To achieve sustainable consumption and environmental integrity within the construction sector, stakeholders must cooperate within a circular economy framework. Such cooperation underscores the importance of acknowledging sustainable consumption and development initiatives, as well as implementing effective systems and solutions to drive efficiency and promote sustainability within the architecture, construction, and engineering industries. An example of an effective tool for such systems and solutions involves the assessment of the maximum economic and environmental benefits attainable from a structure prior to its dismantling and demolition [
15]. To ensure efficient waste management (WM), precisely forecasting the volume of waste generated is essential by accurately quantifying both the quantity and composition of waste [
16], which is indispensable for realizing sustainable WM practices. These endeavors will lay the groundwork for enhancing legislation pertaining to waste, conducting environmental impact assessments, assessing social and economic costs, designing WM systems, and planning the necessary infrastructure such as collection sites, recycling centers, landfills, and incinerators [
17,
18]. Furthermore, precise estimation of waste generation volume can serve as foundational data for effective WM practices, such as planning landfill capacity, implementing waste treatment levies or recycling incentives, and formulating comprehensive WM strategies [
19]. However, owing to numerous uncertainties, accurate prediction of the quantity of waste generated is difficult [
20].
Recently, owing to significant advancements in the WM domain, machine learning (ML) has emerged as an effective tool for addressing diverse challenges linked to CDW management. ML enables data-driven decision-making processes and delivers precise predictive data through the utilization of various technologies associated with data collection, processing, and information extraction [
21]. In the CDW field, numerous researchers have investigated waste generation prediction models, utilizing ML as a component of WM tools.

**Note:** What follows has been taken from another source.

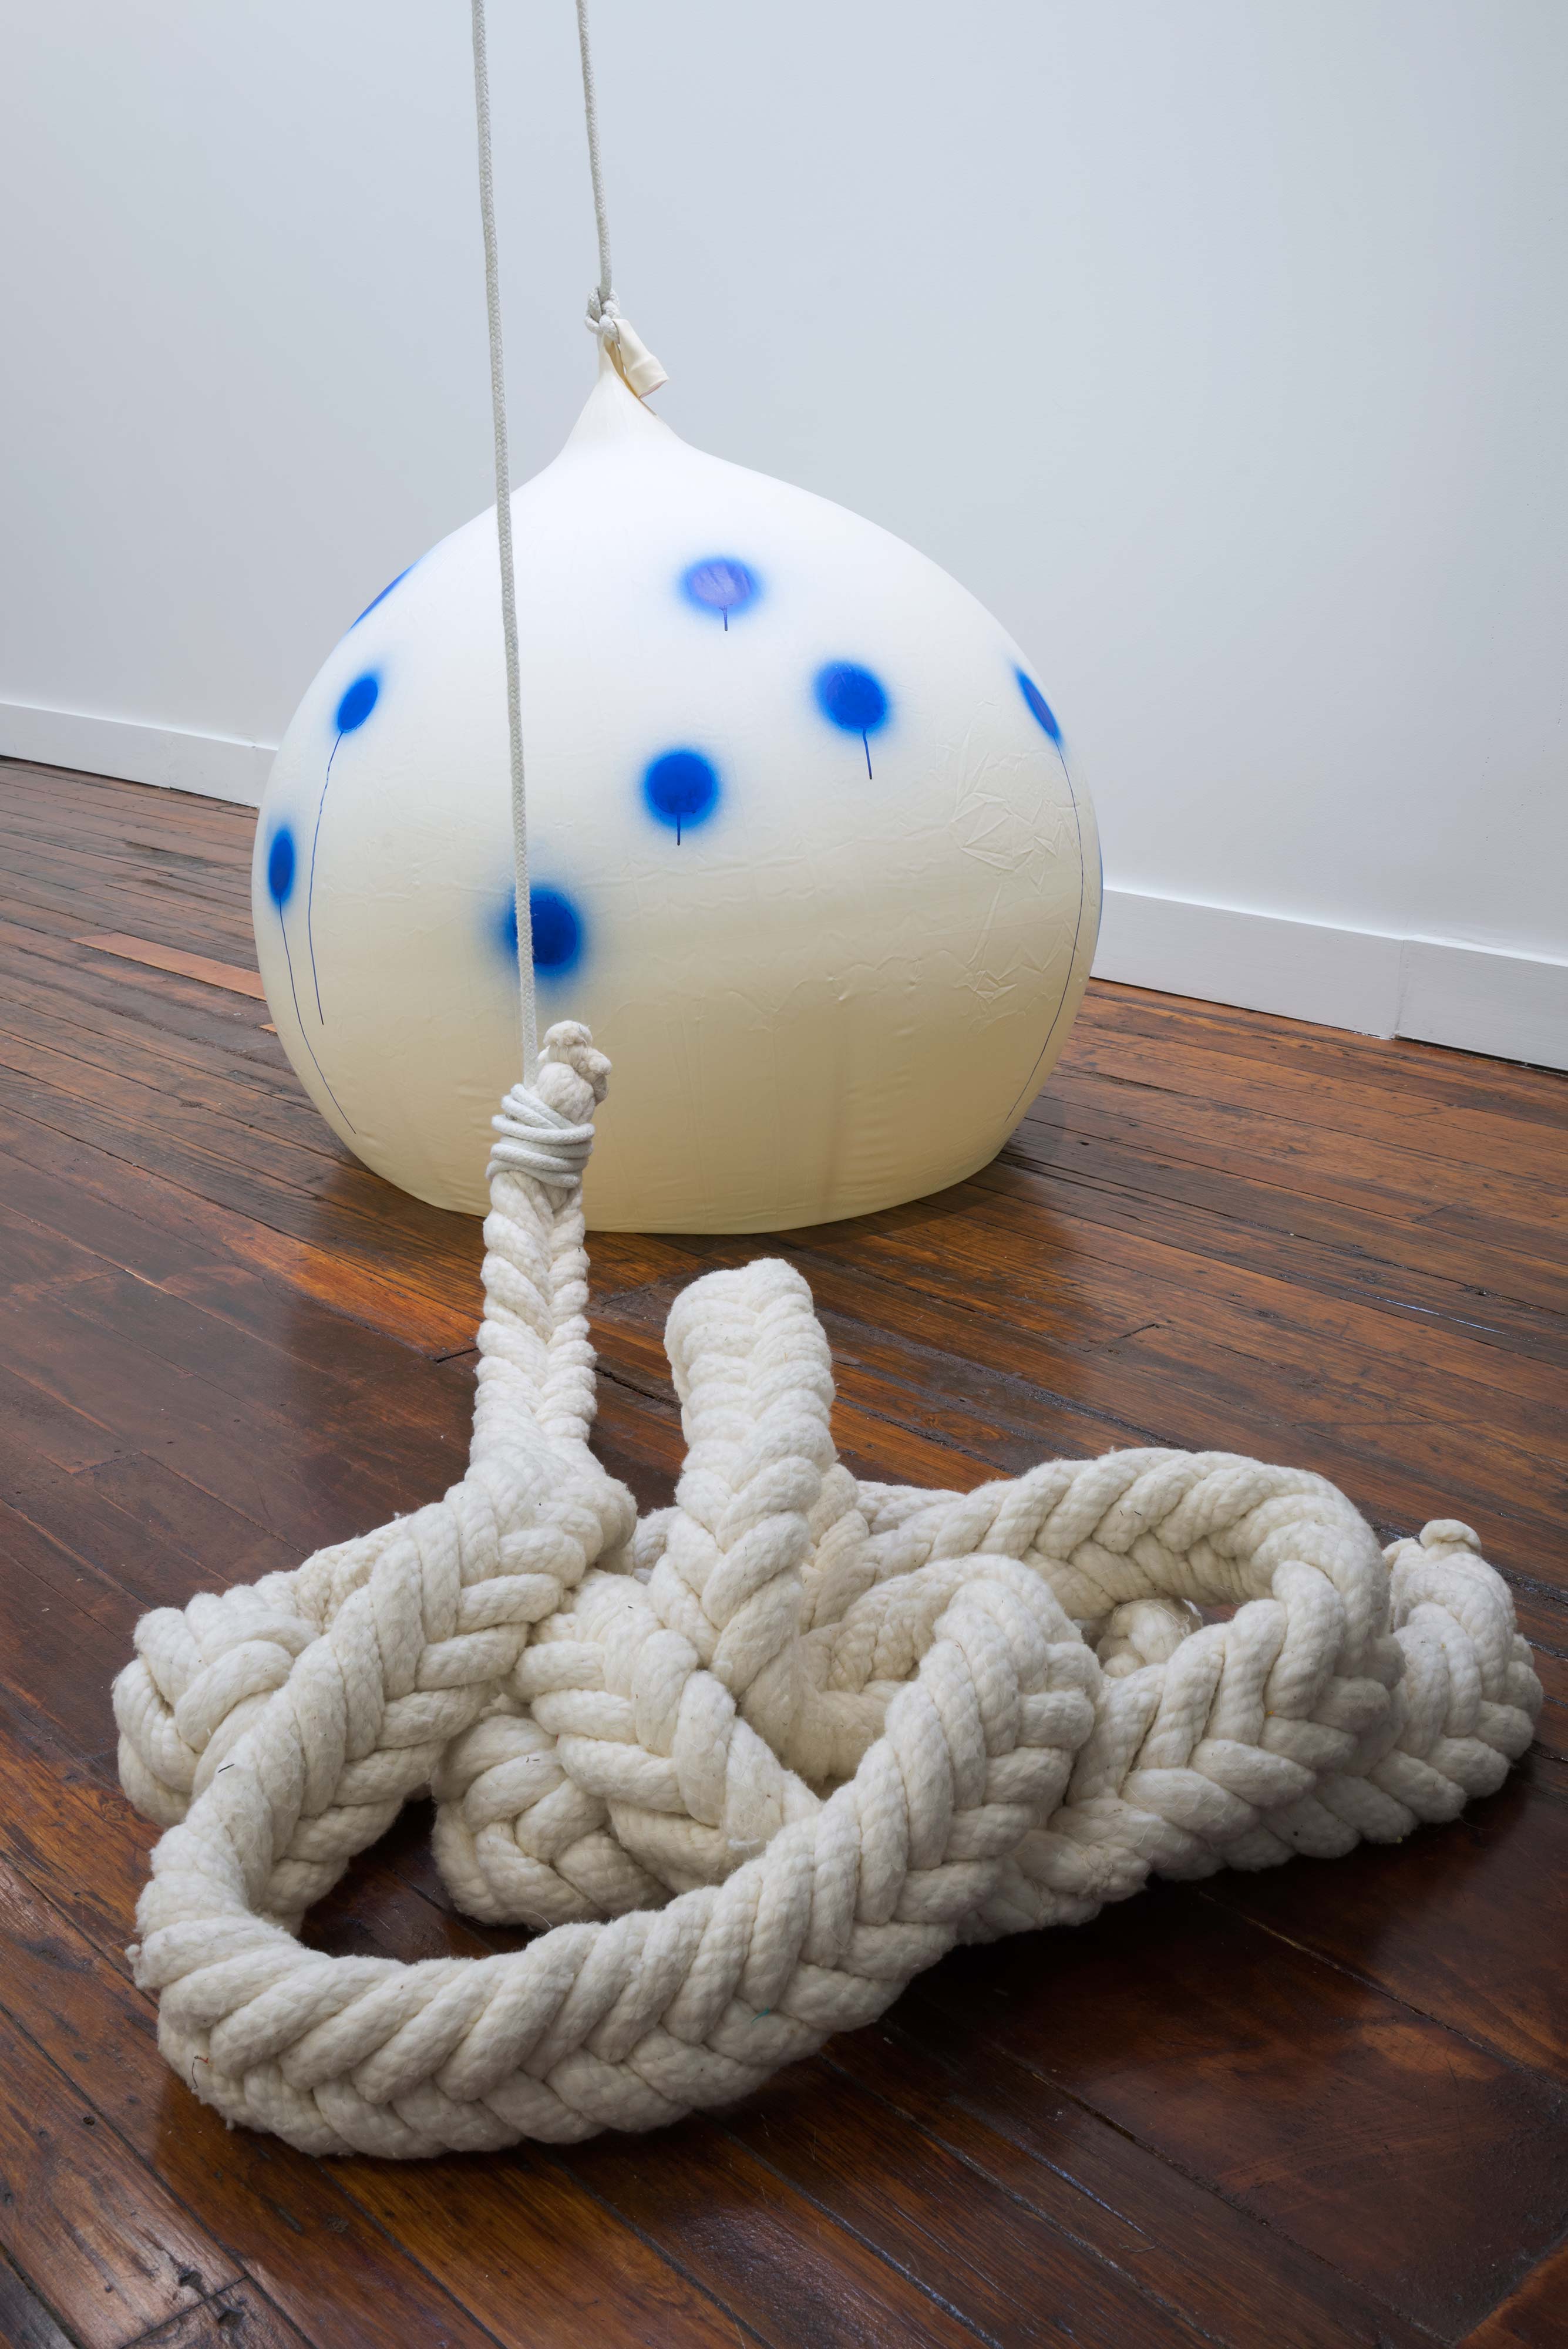 Nancy Davidson<br>Fallen Cloud (II)<br>1997-2016<br>latex, rope, paint, cotton<br>36 x 36 in (91 x 91 cm), height variable

For example, Lu et al.[
22] examined multi-linear regression (MLR) models to forecast the volume of renovation waste generated from renovation projects carried out in Hong Kong. Lu et al.[
23] developed MLR, decision tree (DT), gray model (GM), and artificial neural network (ANN) models to predict the volume of construction waste generated within a specific region in China. Based on a deep learning model, Akanbi et al. [
24] predicted the volume of waste generation destined for recycling, reuse, and burial within the context of demolition waste (DW) management. By applying random forest (RF) and gradient boosting machine (GBM) for 690 structures involved in demolition projects, Cha et al. [
25] developed a model for predicting the demolition waste generation (DWG) rate. Cha et al. [
26] developed a hybrid ML model that integrated principal component analysis with ANN and support vector machine (SVM) algorithms, which aimed to enhance the accuracy of predicting the DWG rate for structures undergoing demolition projects. Coskuner et al.[
27] developed an ML model applied with a multilayer perceptron (MLP)-ANN for predicting the CDW of the Askar landfill site in Bahrain. Gulghane et al.[
28] collected construction waste data from 134 construction sites in Nagpur, India, and developed an ML model applied with decision (DT) and k-nearest neighbors (KNN) algorithms. Hu et al.[
29] gathered construction waste generation rate data from 206 construction sites and used this to develop prediction models to which SVM, ANN, and MLR algorithms are applied. The aforementioned research on CDW management introduced ML models, which primarily targeted the overall CDW generation volume of a specific project or at a regional scale, as the resulting outcome. These results can serve practical purposes such as monitoring, data collection, and devising a comprehensive waste processing strategy on a large scale, guided by the total waste generation volume. To enhance CDW management effectiveness, more comprehensive management strategies concerning detailed assessments of the environmental impact of specific waste types, evaluation of processing expenses, and the selection of appropriate recycling methods are necessary. The ML models established in previous studies seem to exhibit research gaps and limitations in achieving a sustainable construction industry. Comprehensive strategies outlining environmental impact assessments, processing costs, and recycling plans for different types of CDW can provide a broader opportunity for fostering the development of a circular economy [
30]. To formulate comprehensive strategies for CDW management, comprehending the attributes of processed wastes is imperative, as well as the processing flow and categorization of CDW according to their characteristics and types. This understanding enables informed decisions regarding effective and efficient environmental impact assessments and recycling techniques for CDW.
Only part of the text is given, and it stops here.